Andrew Deason [Wed, 4 Feb 2015 16:25:38 +0000 (10:25 -0600)]
rx: Zero unitialized uio structs
We use some uio structures that were allocated on the stack, but we
only initialize them by initializing individual fields. On some
platforms (Solaris is one known example, but probably not the only
one), there are additional fields we do not initialize. Since we
cannot be certain of what any additional fields there may be, just
zero the whole thing.
This is basically the same change as
I0eae0b49a70aee19f3a9ec118b03cfb3a6bd03a3, but in the rx subtree.

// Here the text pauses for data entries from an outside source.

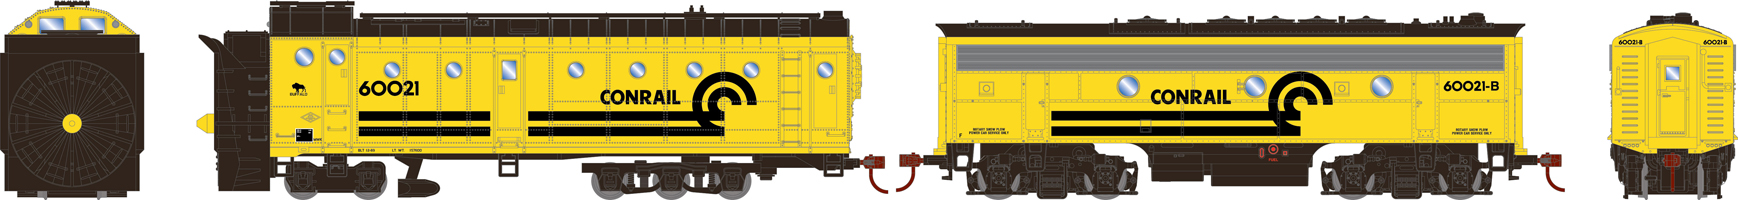 Model of yellow snowplow and B-unit
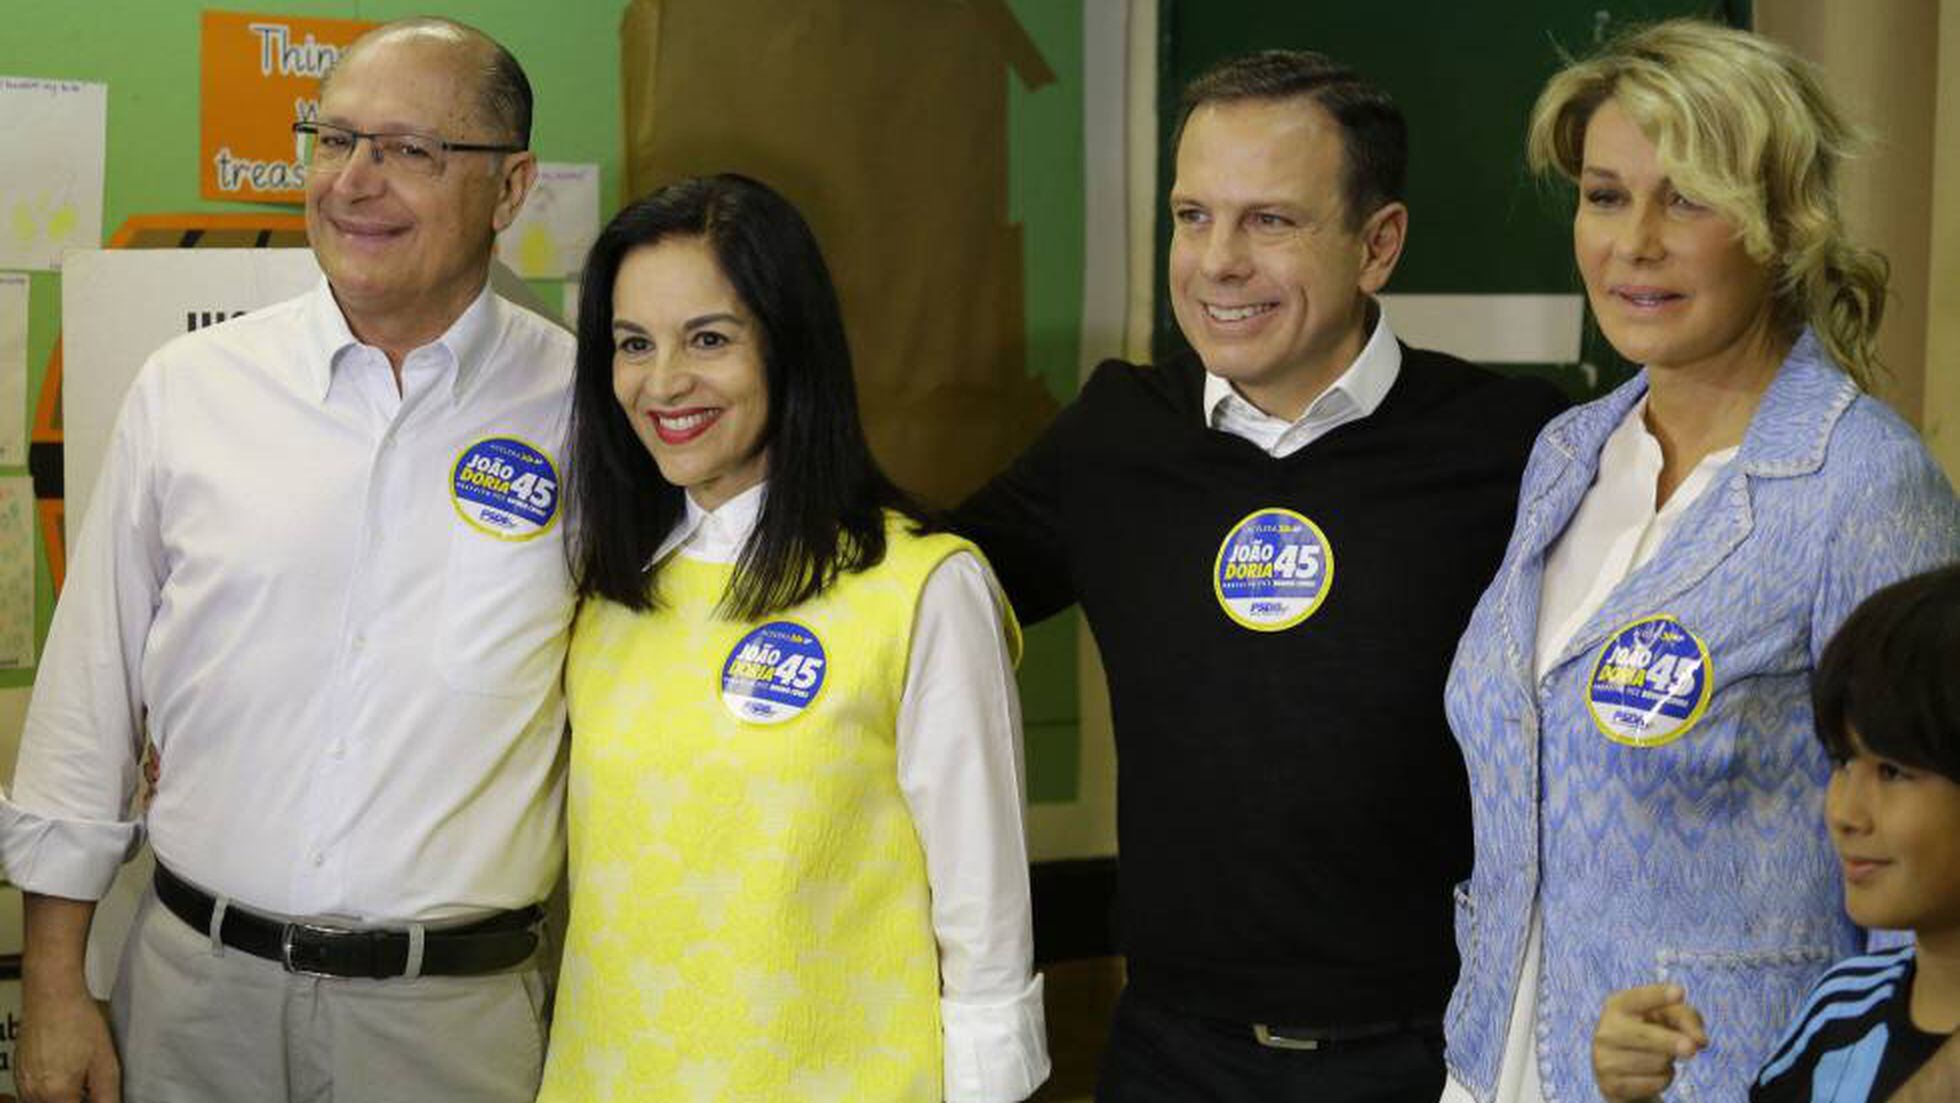 Xadrez eleitoral: o Brasil ganha ou perde?
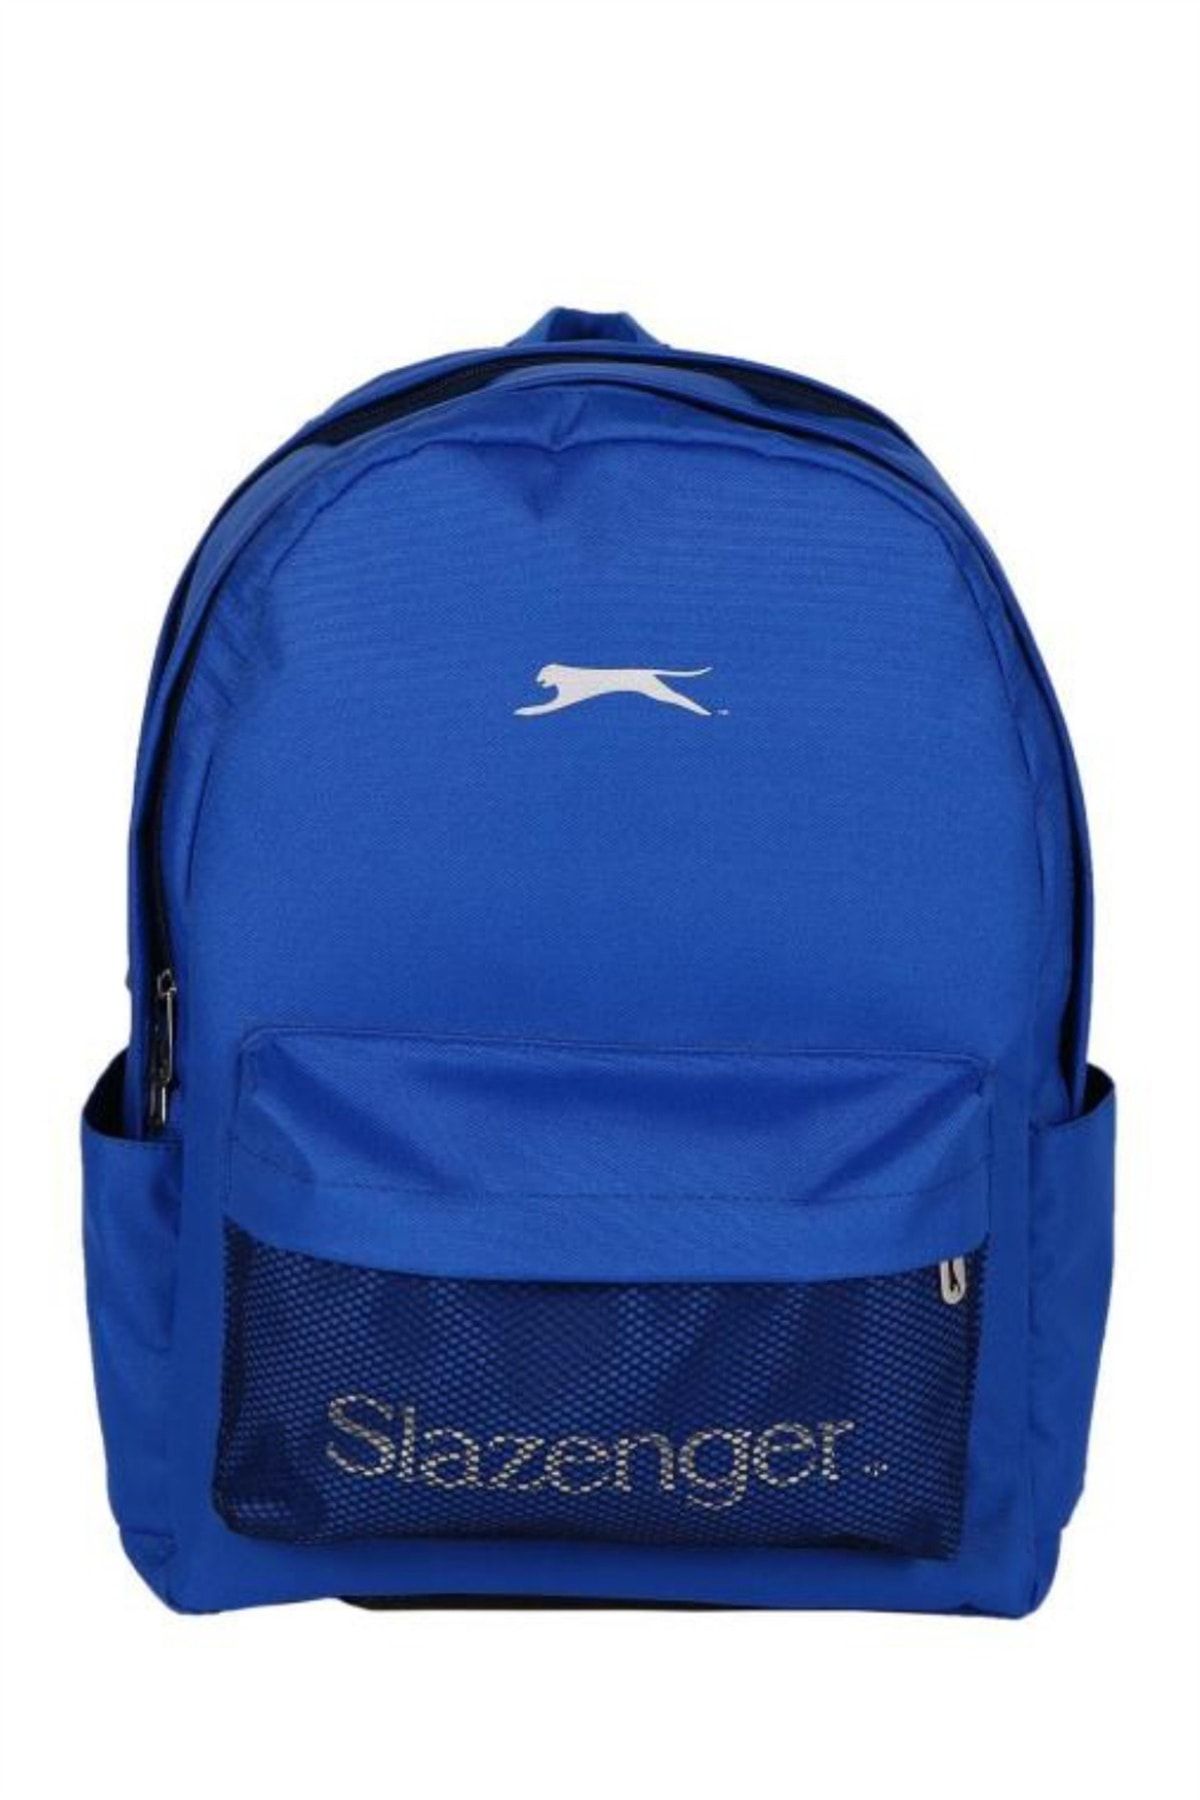 Slazenger File Pocket Backpack 21103 آبی
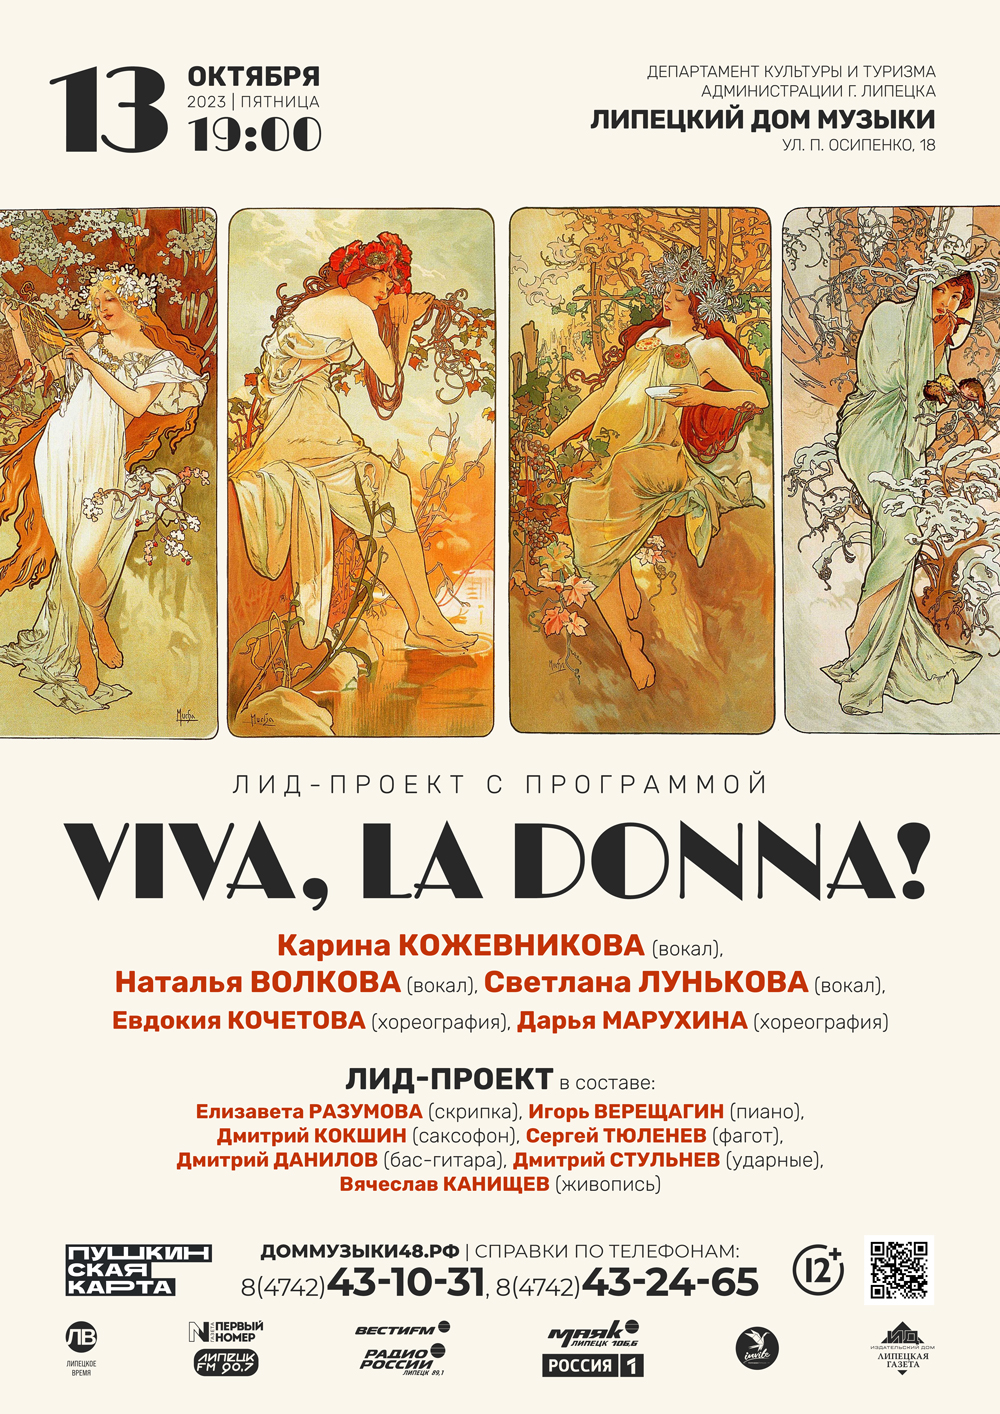 Лид проект "Viva la Donna!"
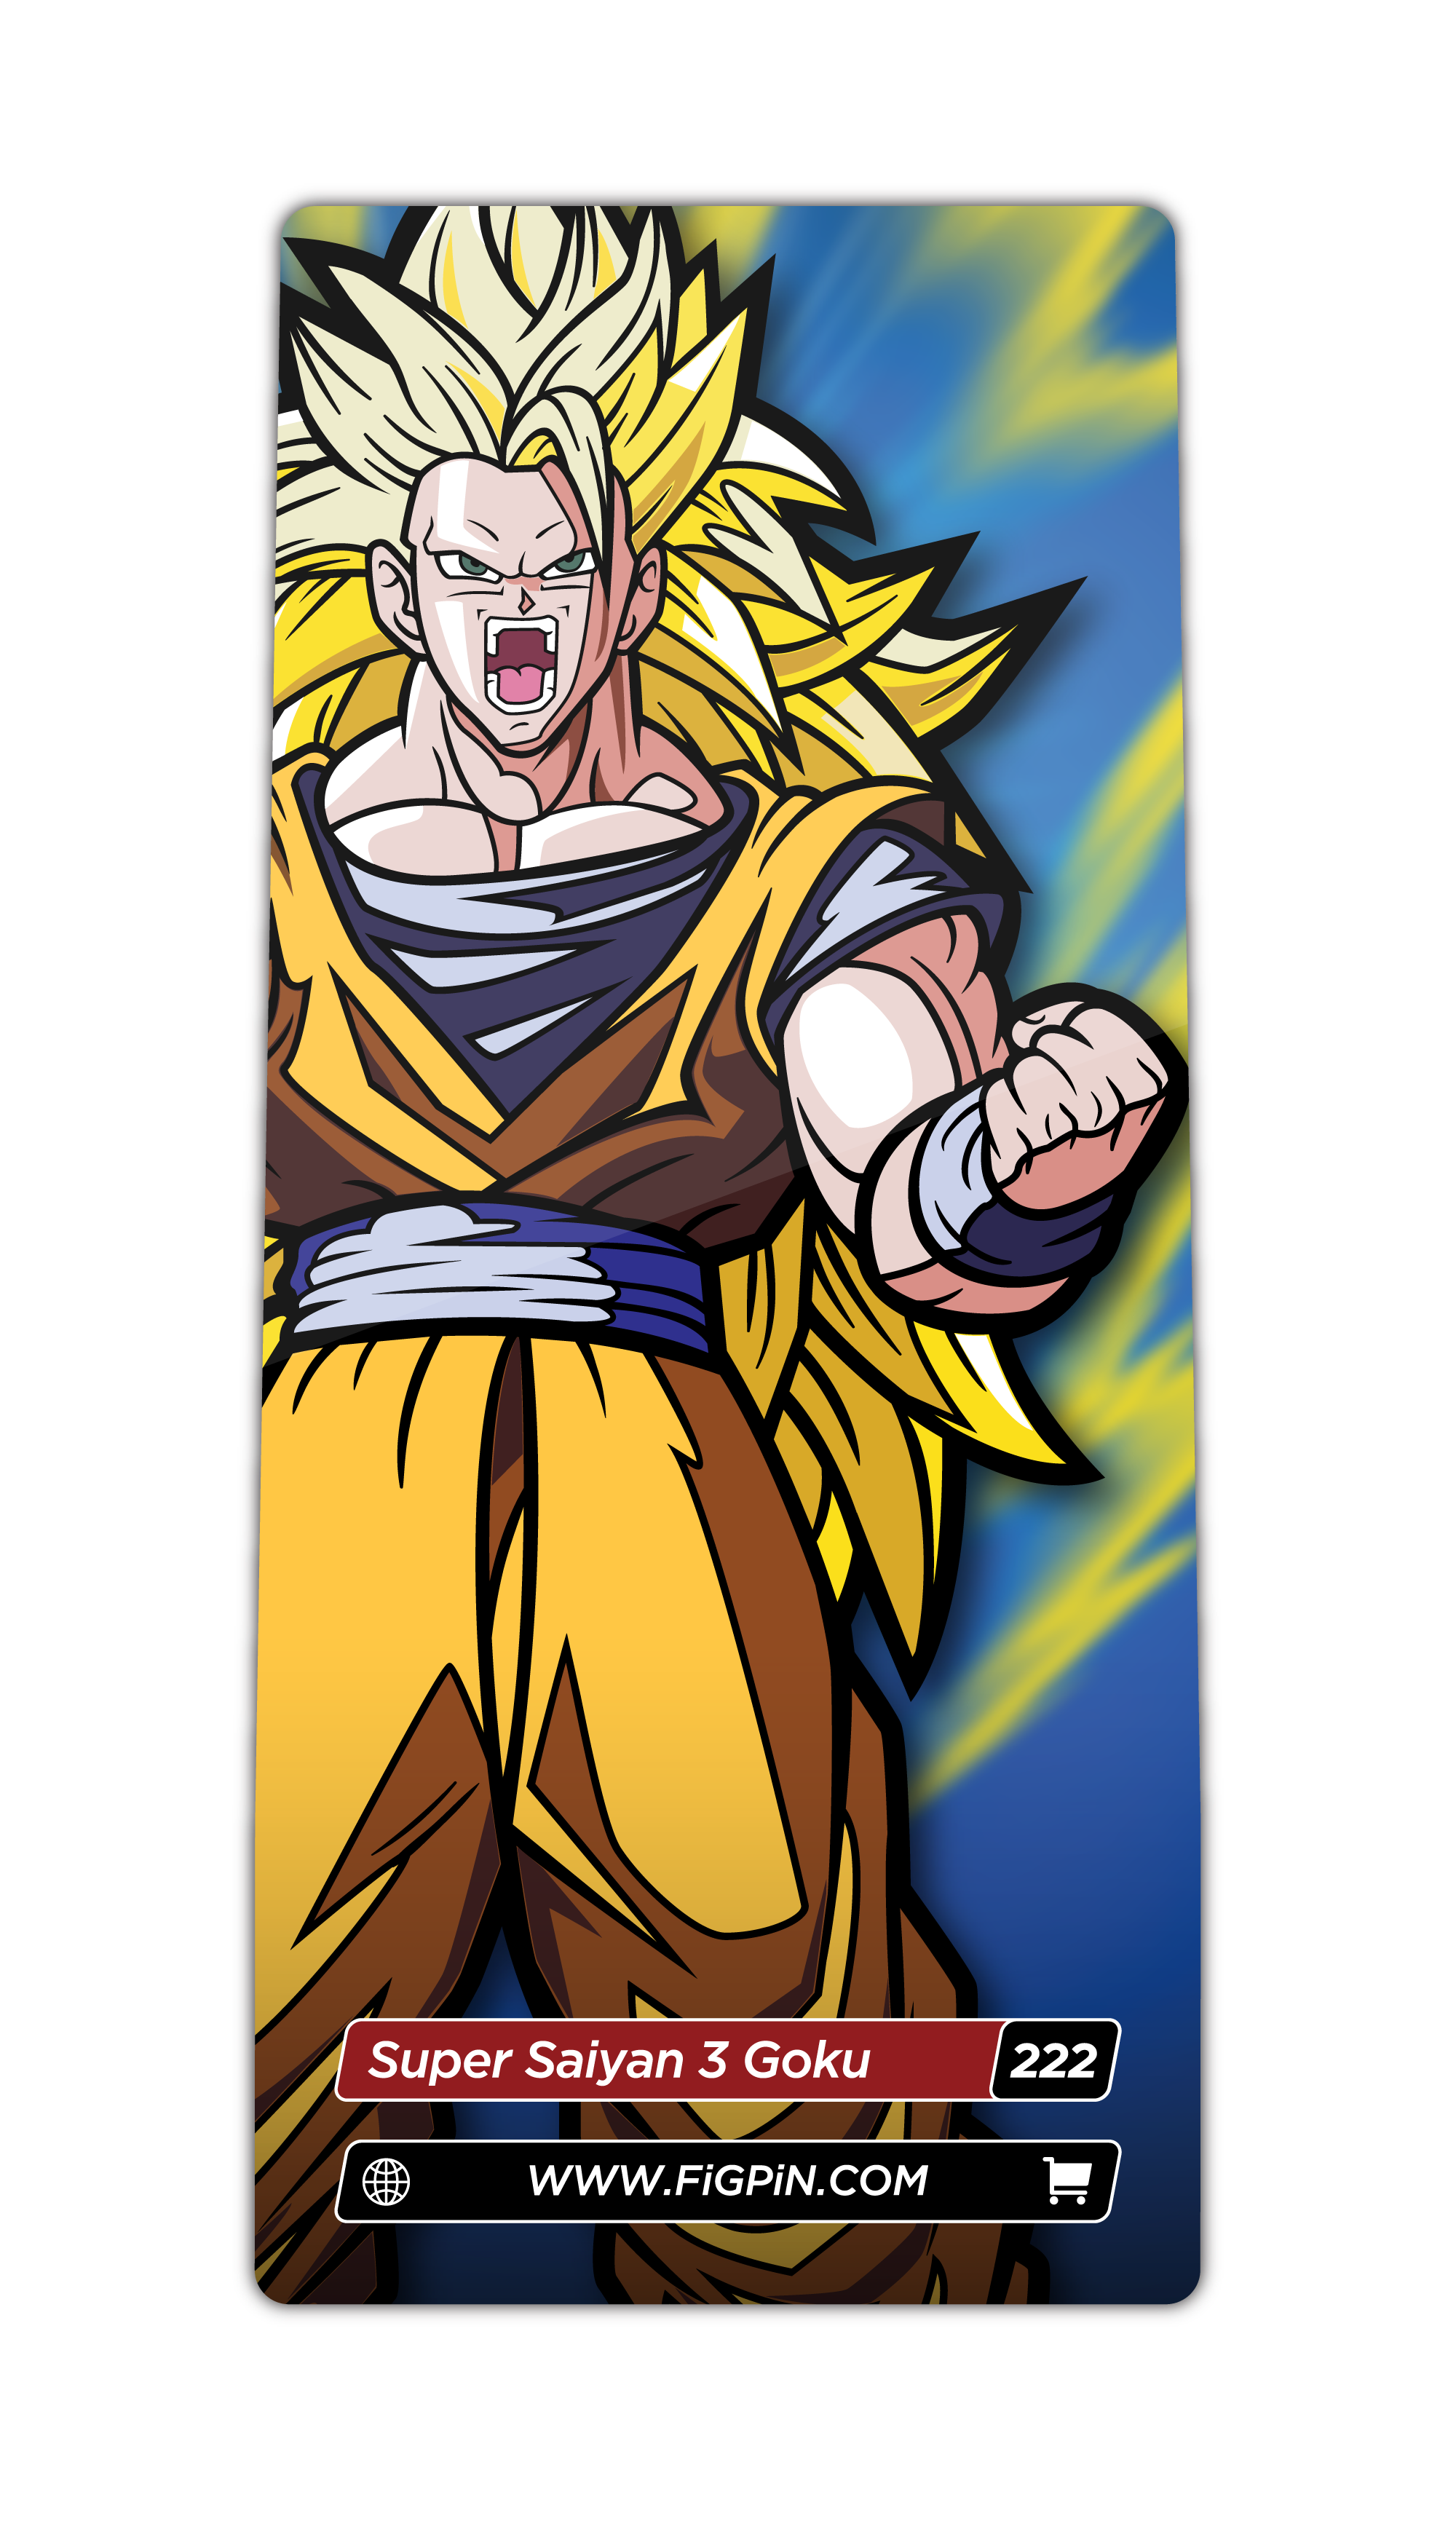 Super Saiyan 3 Goku (222)

Reviewed-on: http://gerrit.openafs.org/11711 Tested-by: Andrew Deason <adeason@sinenomine.net> Tested-by: BuildBot <buildbot@rampaginggeek.com> Reviewed-by: Perry Ruiter <pruiter@sinenomine.net> Reviewed-by: Jeffrey Altman <jaltman@your-file-system.com> Reviewed-by: Daria Brashear <shadow@your-file-system.com>
(cherry picked from commit a762e6871ad6837ee126cec9e63d99388b4bf119)
Change-Id: Ie6a2cce500d6a0a7a09c305296f4b34d122d3108
Reviewed-on: http://gerrit.openafs.org/11714 Tested-by: BuildBot <buildbot@rampaginggeek.com> Tested-by: Andrew Deason <adeason@sinenomine.net> Reviewed-by: Perry Ruiter <pruiter@sinenomine.net> Reviewed-by: Benjamin Kaduk <kaduk@mit.edu> Reviewed-by: Chas Williams - CONTRACTOR <chas@cmf.nrl.navy.mil> Reviewed-by: Stephan Wiesand <stephan.wiesand@desy.de>
Marc Dionne [Thu, 18 Dec 2014 13:43:22 +0000 (08:43 -0500)]
Linux: d_splice_alias may drop inode reference on error
d_splice_alias now drops the inode reference on error, so we
need to grab an extra one to make sure that the inode doesn't
go away, and release it when done if there was no error.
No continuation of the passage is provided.